Supplied records:
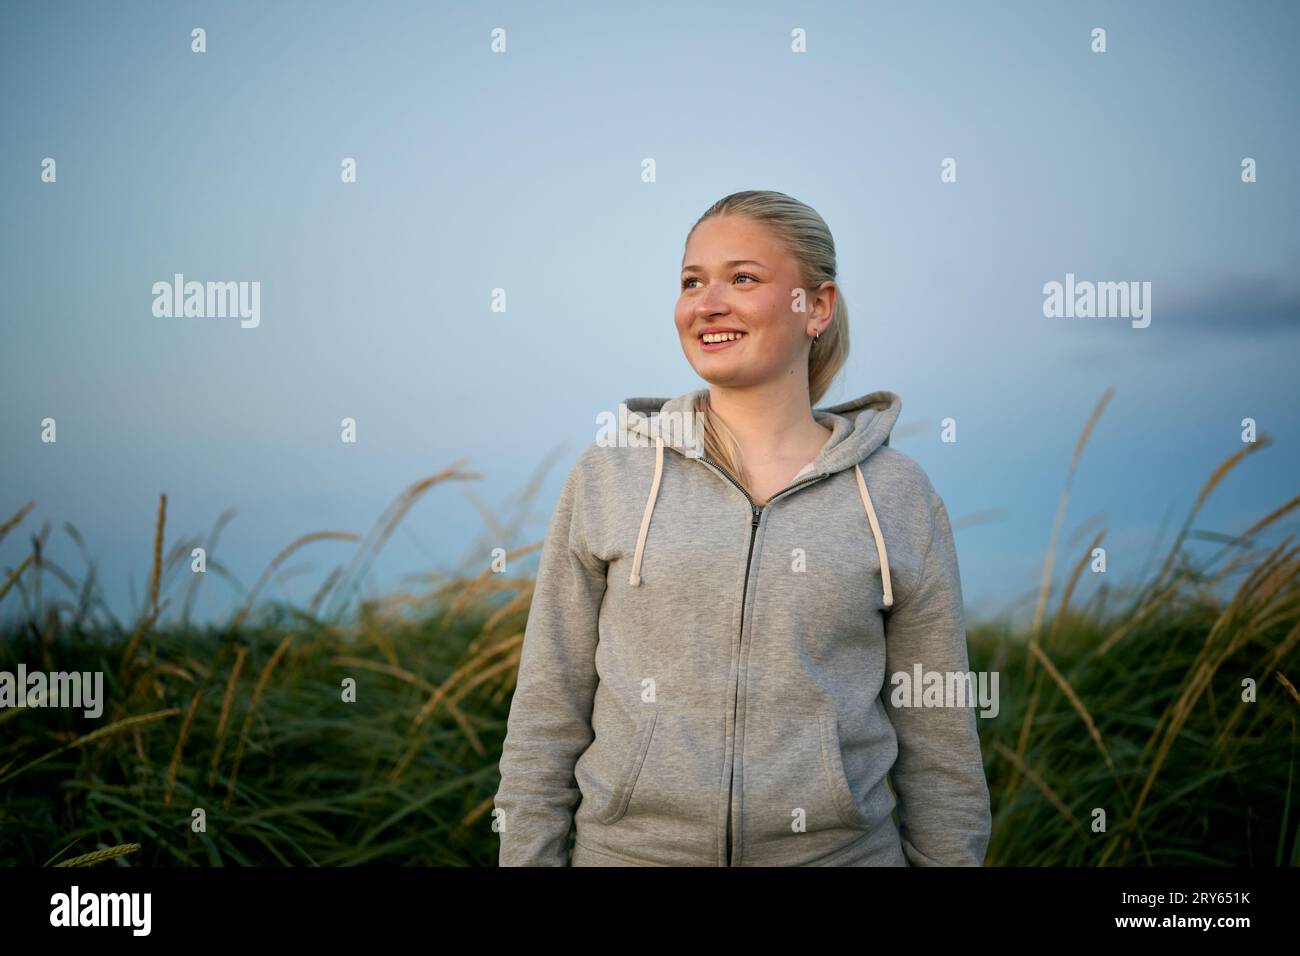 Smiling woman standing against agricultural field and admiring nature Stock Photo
--
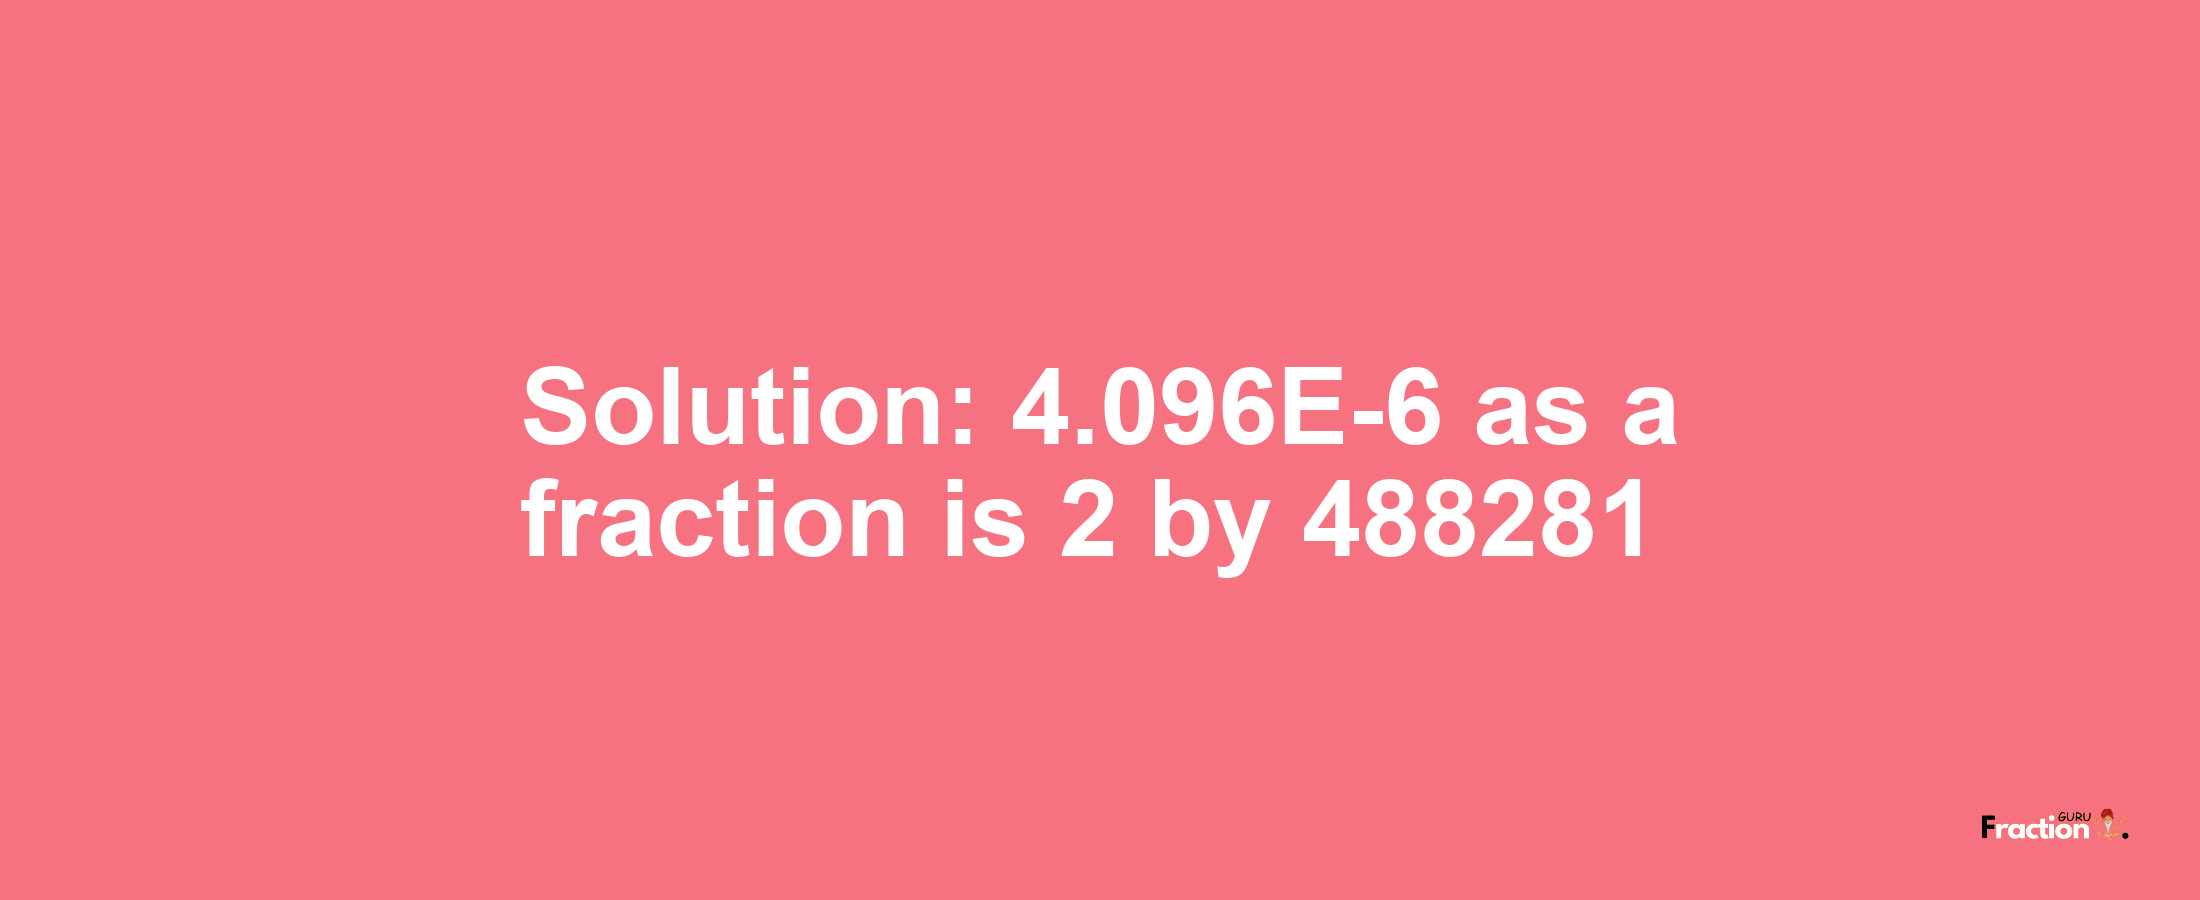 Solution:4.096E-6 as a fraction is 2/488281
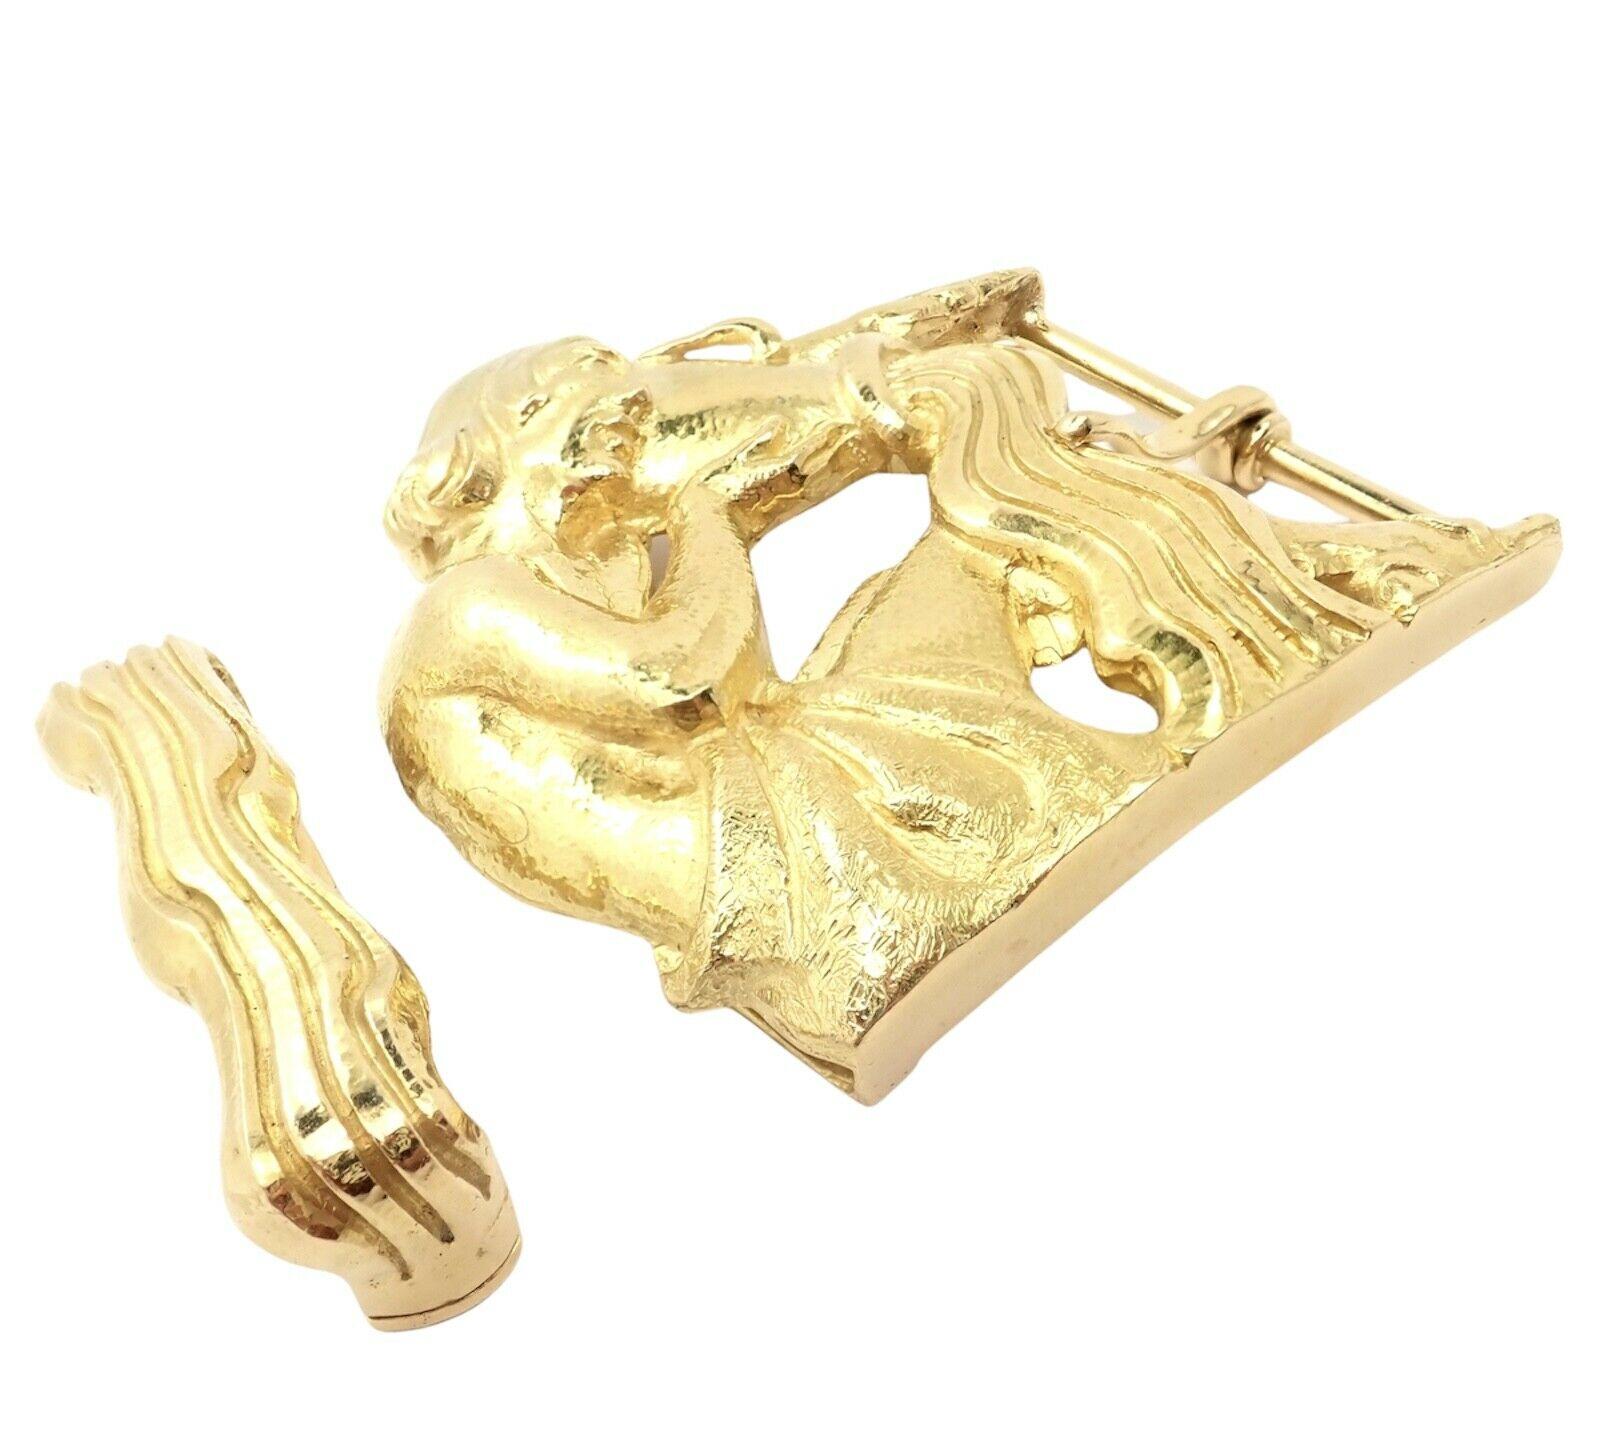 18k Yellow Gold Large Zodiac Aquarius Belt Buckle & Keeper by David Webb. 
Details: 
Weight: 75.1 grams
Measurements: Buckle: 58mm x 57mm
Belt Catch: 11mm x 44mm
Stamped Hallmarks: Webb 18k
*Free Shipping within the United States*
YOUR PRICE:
...
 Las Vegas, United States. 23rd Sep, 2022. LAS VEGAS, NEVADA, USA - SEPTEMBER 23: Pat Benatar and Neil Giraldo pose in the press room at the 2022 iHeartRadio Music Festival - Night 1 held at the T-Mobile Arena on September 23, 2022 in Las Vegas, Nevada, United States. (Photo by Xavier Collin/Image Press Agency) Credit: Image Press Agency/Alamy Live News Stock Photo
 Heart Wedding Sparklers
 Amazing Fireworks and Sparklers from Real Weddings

What this task involves:
Pull every line holding "Sparklers" out of the records.

Your solution:
 Heart Wedding Sparklers
 Amazing Fireworks and Sparklers from Real Weddings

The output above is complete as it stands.